In this article, I will attempt to expound the history of solid state drives and the technology behind them. These devices are incredibly ubiquitous nowadays, but that wasn’t always the case, as most of us had hard drives in their computers as little as 10 years ago, at least for bulk storage.
Since raw lexical facts can be found on Wikipedia, I will mainly focus on how the architecture evolved and include examples of the bleeding edge of solid state technology from each year.

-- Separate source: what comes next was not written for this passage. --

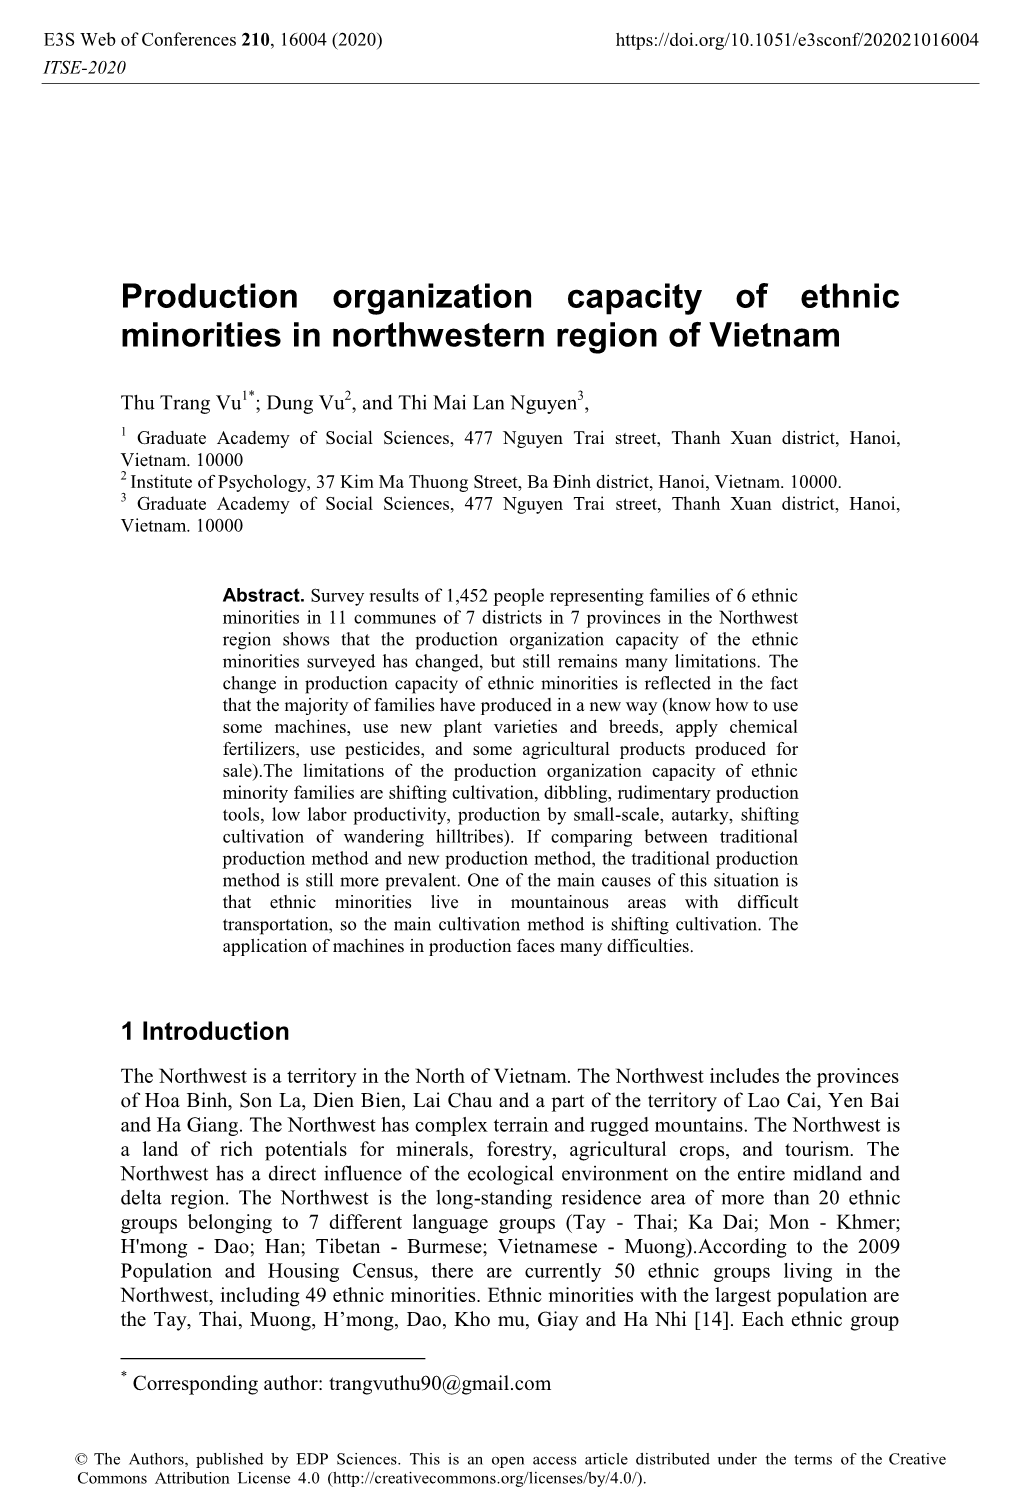 Production Organization Capacity of Ethnic Minorities in Northwestern Region of Vietnam

SSDs date back to 1991, with the first example being a 20MB PCMCIA, expansion card, which is a hot-pluggable implementation of PCI for laptops and other portable devices. That’s way too old to be comparable to anything that’s around today, so instead, I would like to focus on more contemporary drives which can be used in a modern computer, which will put us at 2009.
But first, let’s look at what makes these drives work.
The internals of an SSD
Modern SSDs are essentially mini computers with a proper ARM-based CPU that usually has its own RAM and interfaces with the NAND flash and the host computer, using a SATA, SAS or PCIe interface or something even more exotic.
Let’s start dissecting the most important part first, the NAND flash.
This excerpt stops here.